One can find many other examples but these two are sufficient to show my point. I defy McIntosh to show otherwise. Free trade and comparative advantage are economic laws; they are the result of logical deductions and axiomatic concepts, and not of empirical testing. They result from the logic of choice and not from the observation of reality (which is not the case in physical sciences). They are true not because “they seem to correspond to the facts” as McIntosh puts it, but because we cannot imagine them not being true. Jean-Baptiste Say, John E Cairnes and the classical economists knew this very well.
Popperians generally retrench behind the veil of “tautology”: mathematics is true by definition, therefore it is just tautology and it is not science – so who cares about it. Milton Friedman, in a famous discussion with the mathematician Stanislas Ulam, admitted that trade theory is a pure tautology but is still true. In that sense the Friedman Paradox is alive and well in the economic community.

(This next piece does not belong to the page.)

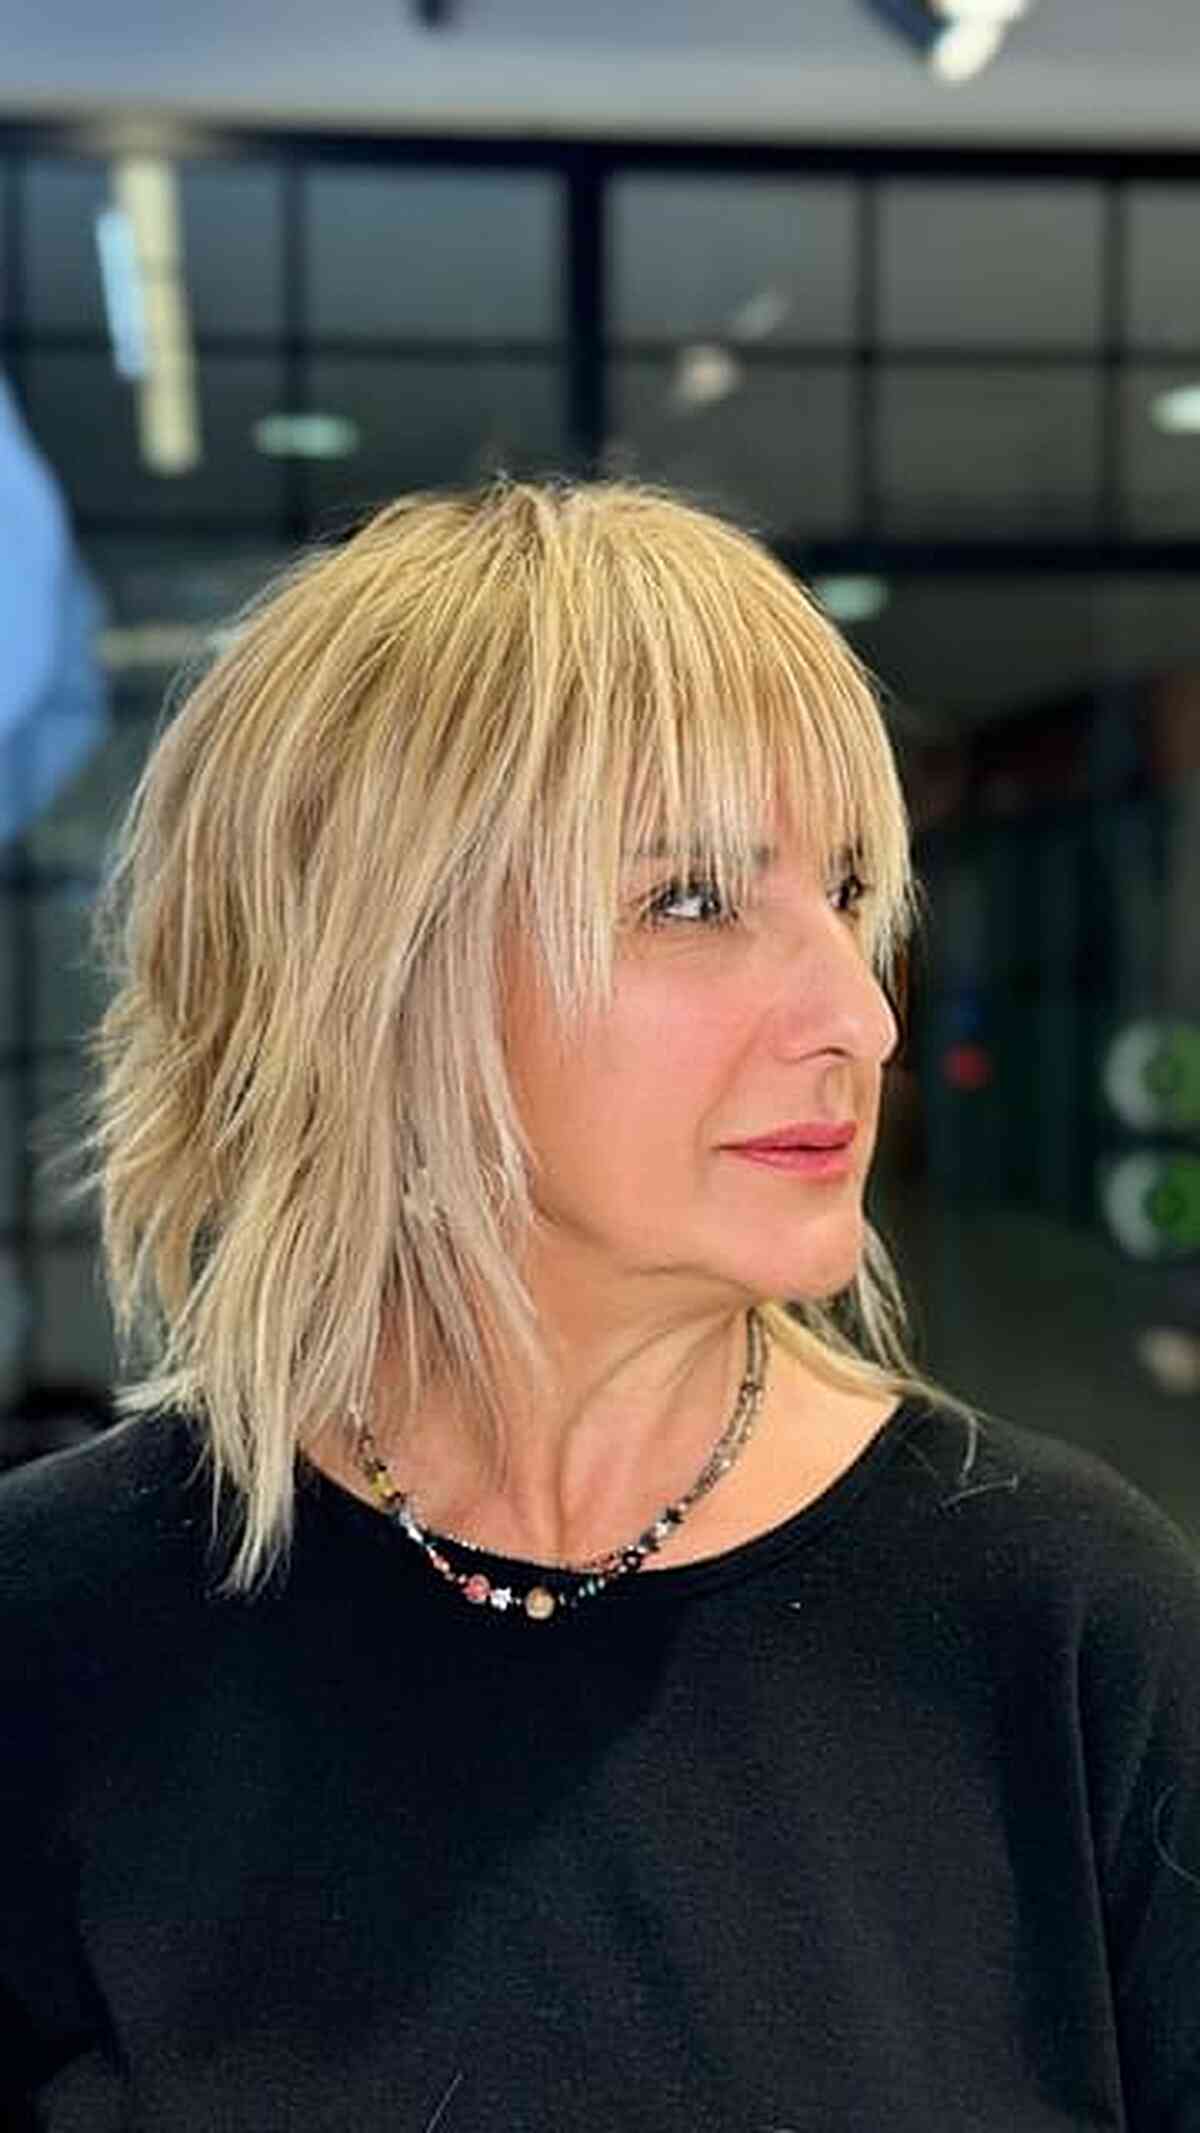 Stylish bob haircuts for women over 60: 20+ spectacular ideas

Economists preach scientistic pseudo-experimentalism (and these are the real “psychological projections” to use McIntosh’s term) as the only methodology and epistemology but they act as if their beliefs, including their philosophical ones, were apodictically certain.
Ironically, the necessity of axiomatic concepts is also true in the hard sciences. McIntosh should try to do physics without the a priori valid principles of geometry and mathematics, and we’ll see what kind of results he obtains. They are also necessary to the philosophical principles McIntosh uses to defend his methodological position (that scientific inquiry entails falsifying conjectures for instance – is it testable?).

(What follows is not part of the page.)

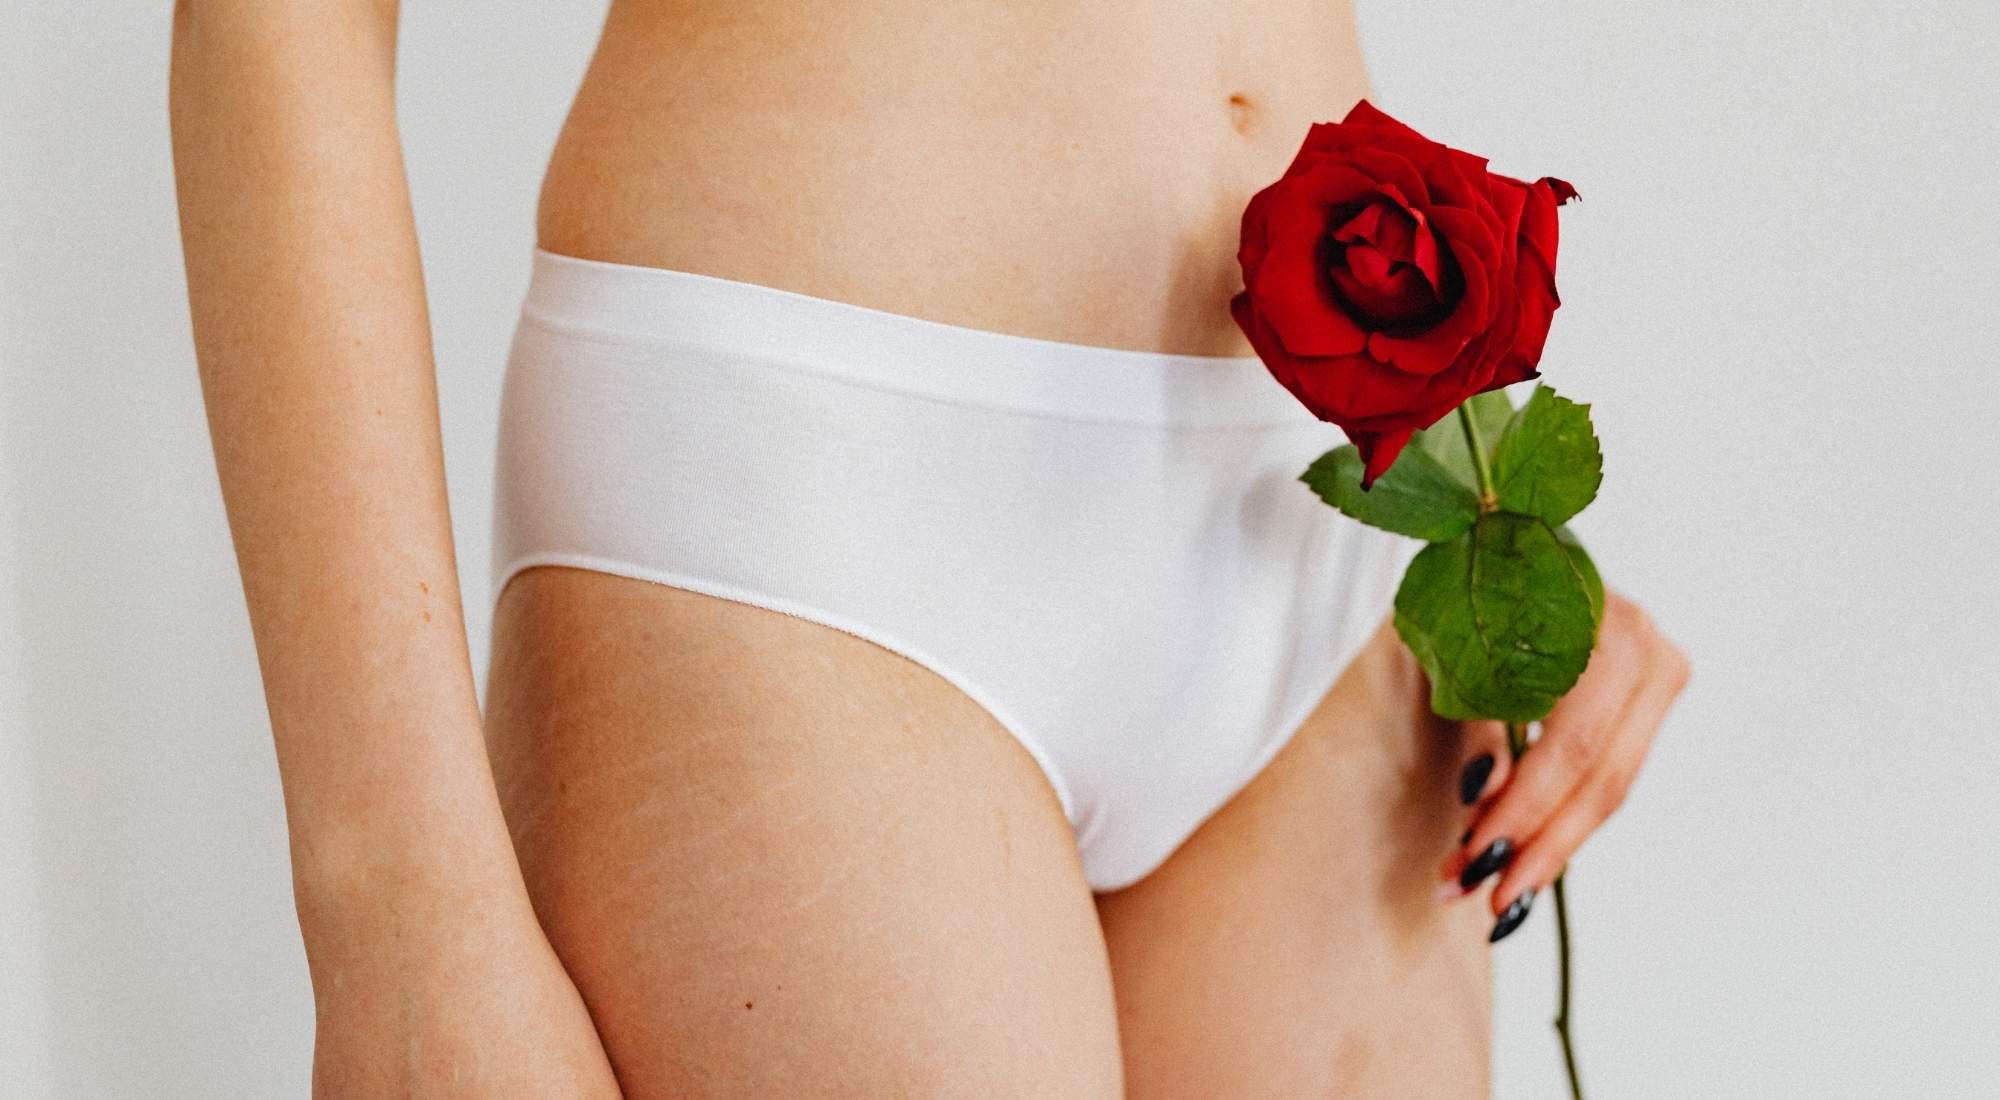 How Do You Wash Period Underwear? Pro Tips for Keeping Your Period Undies as Good as New

Critics of Austrian Economics often contend that Austrians reject all forms of empiricism. The truth is that Austrians reject the idea that economic laws have (a) an empirical foundation and (b) that they could be tested. The law of diminishing marginal utility is logically true and even if one wanted to test it, it would not be possible. Just like one cannot test the law of gains from trade.
While economic laws cannot be tested (and don’t need to be), we need to understand the context in which these laws operate. In that sense, empirical research is fundamental to economics (especially with regard to institutions, culture and the broader context in which human decisions are effected). Empirical research in economics is thus only observation of historical facts, which put together with the laws of economics, enable us to unearth the causal connections that link them. Empirical work in economics is not about testing economic laws; it is about understanding the context in which they apply.
Because the phenomena of economics (such as value) are phenomena of the mind, they cannot be observed. In that sense, the method of economic science must be different from that of the physical science where observation is necessary. Economic laws are a priori certain, while physical laws are not. One can perhaps imagine exceptions to the law of gravity as we know it today (although the ceteris paribus clause also applies to physics in the sense that physical laws ultimately have the same ontological status as economic laws), however one cannot imagine exceptions to the logic of choice. As François Guillaumat would put it (and I recommend his doctoral dissertation to those who want to understand the reasons behind Austrian epistemology), what matters in economics is the validity of concepts and the coherence of reasoning. Only then, can one apply economic reasoning to real situations in order to understand them.